Please output the data exactly, minus pictures.

## DATASET EXTRACT
•••

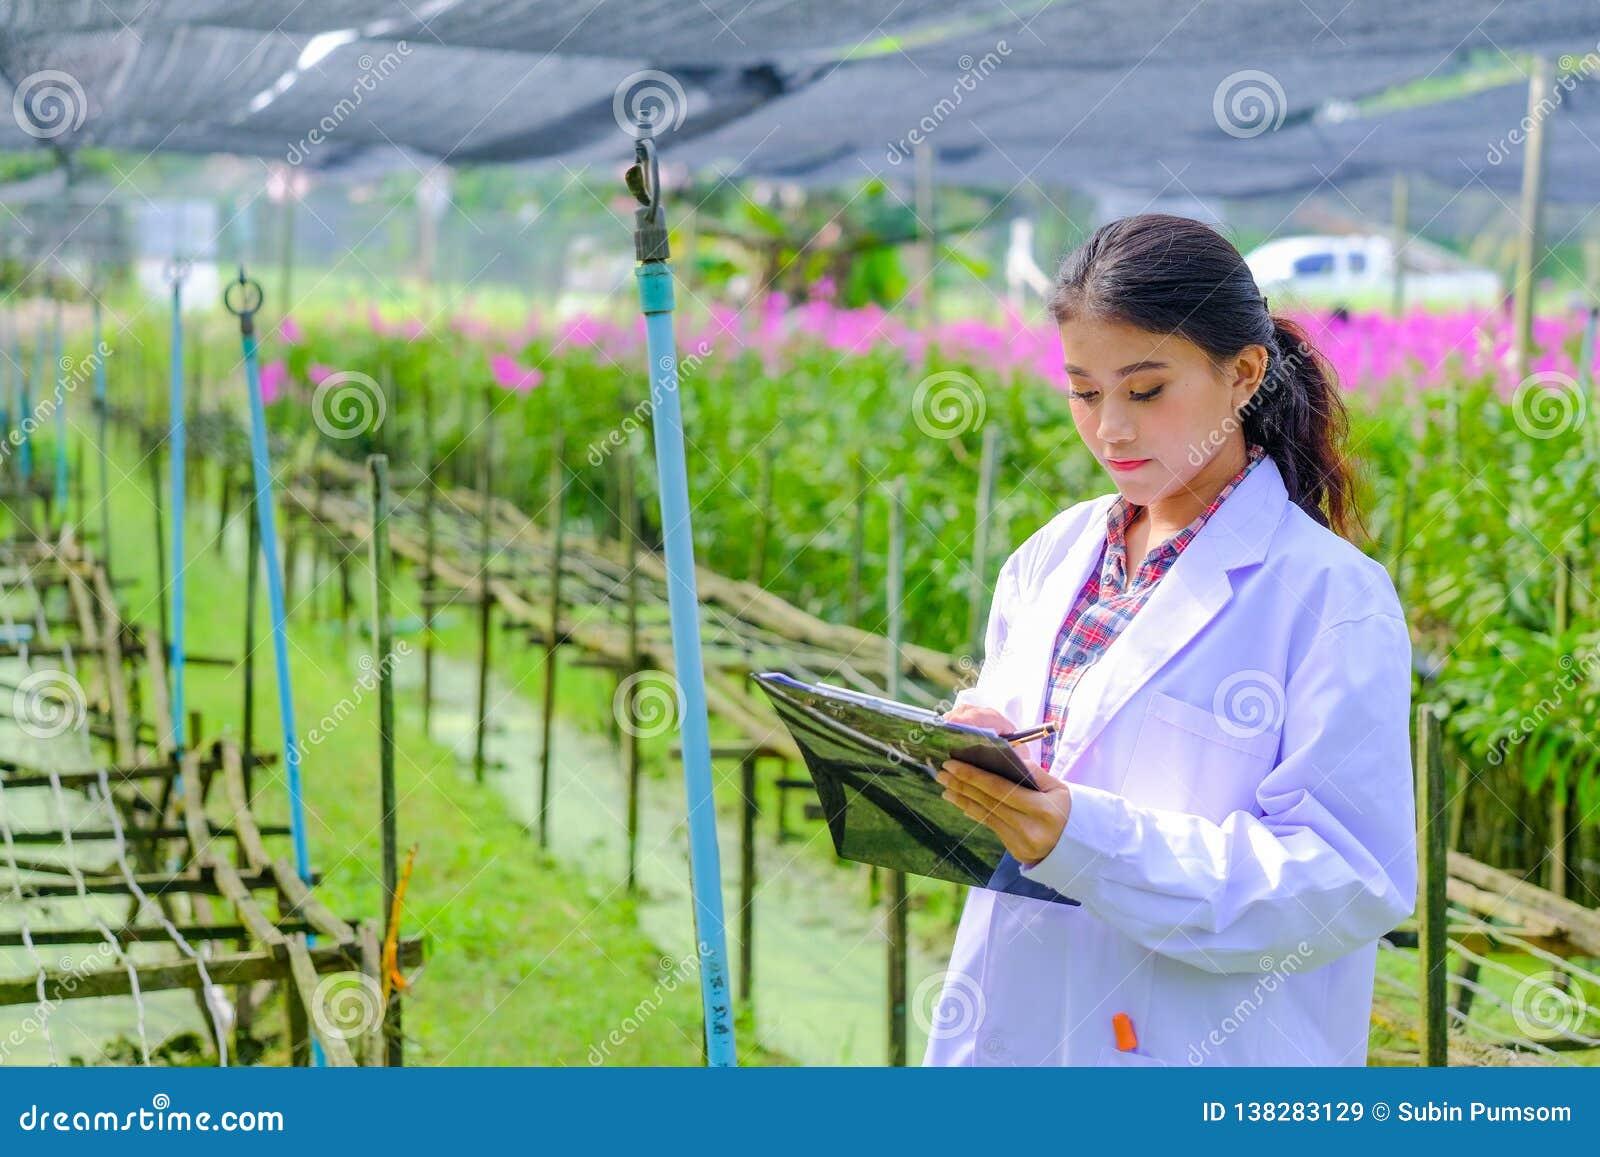 Młoda kobieta badacz w białej sukni i bada ogród przed zasadzać nowej orchidei
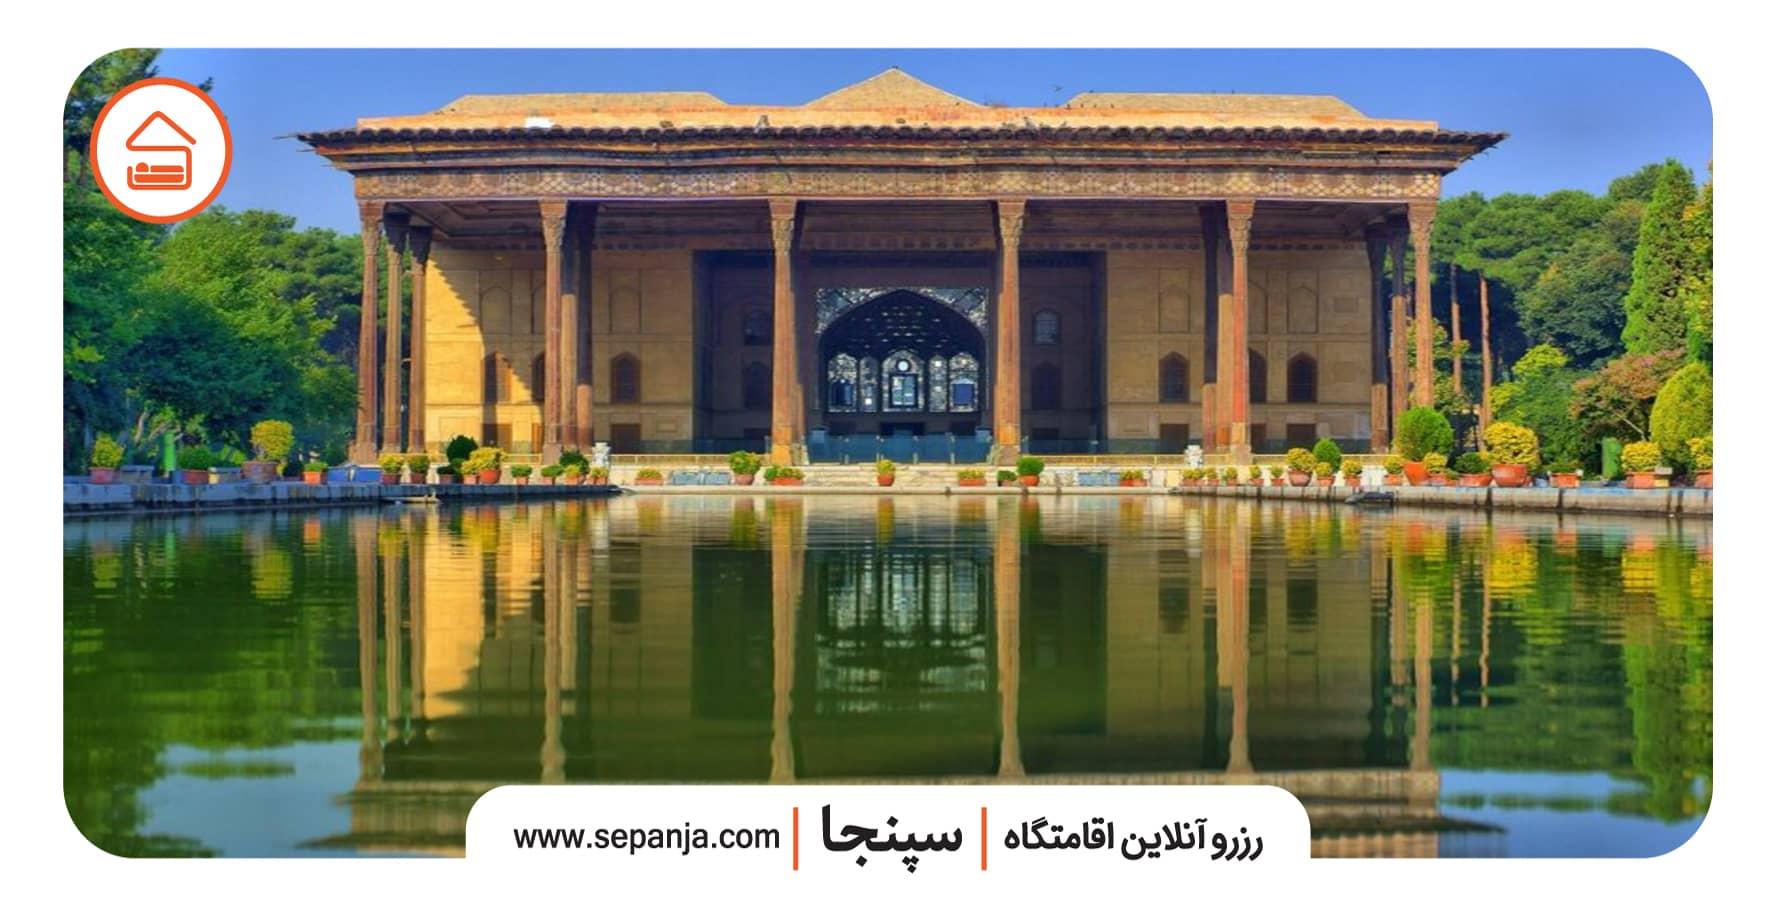 کاخ چهل ستون از بهترین جاهای دیدنی اصفهان
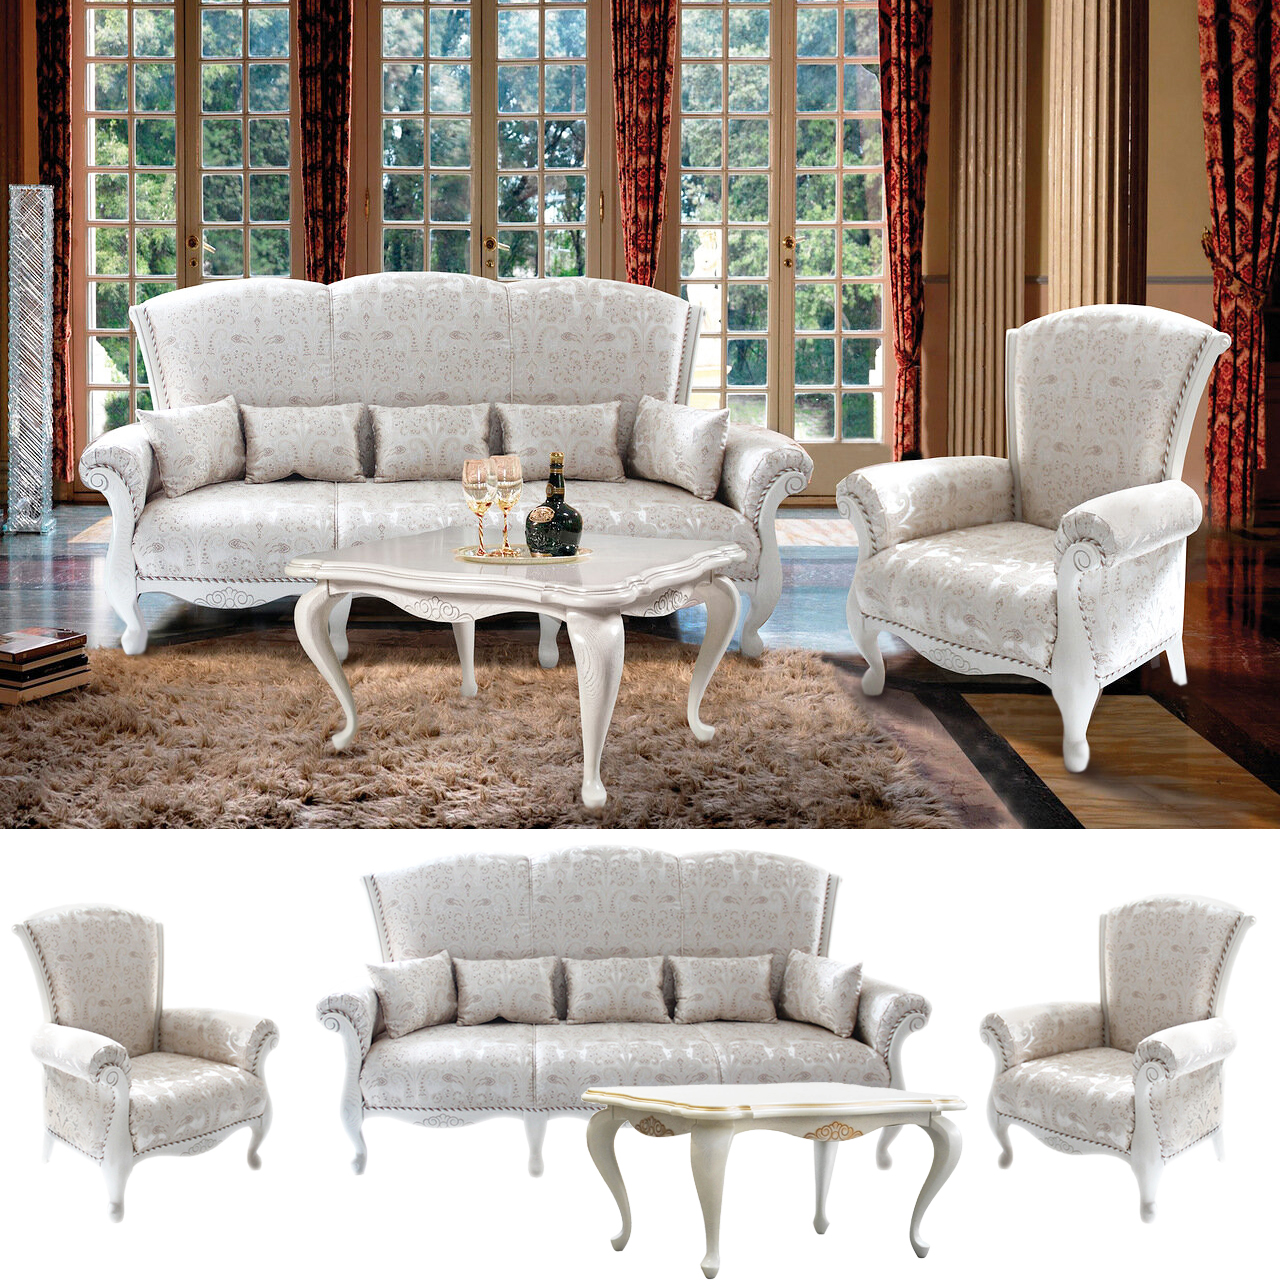 couchgarnitur polstermöbel schöne sofas couch stoff silber couch polstergarnitur

•••

## EXERCISE OUTPUT
 Młoda kobieta badacz w białej sukni i bada ogród przed zasadzać nowej orchidei
 کاخ چهل ستون از بهترین جاهای دیدنی اصفهان
 couchgarnitur polstermöbel schöne sofas couch stoff silber couch polstergarnitur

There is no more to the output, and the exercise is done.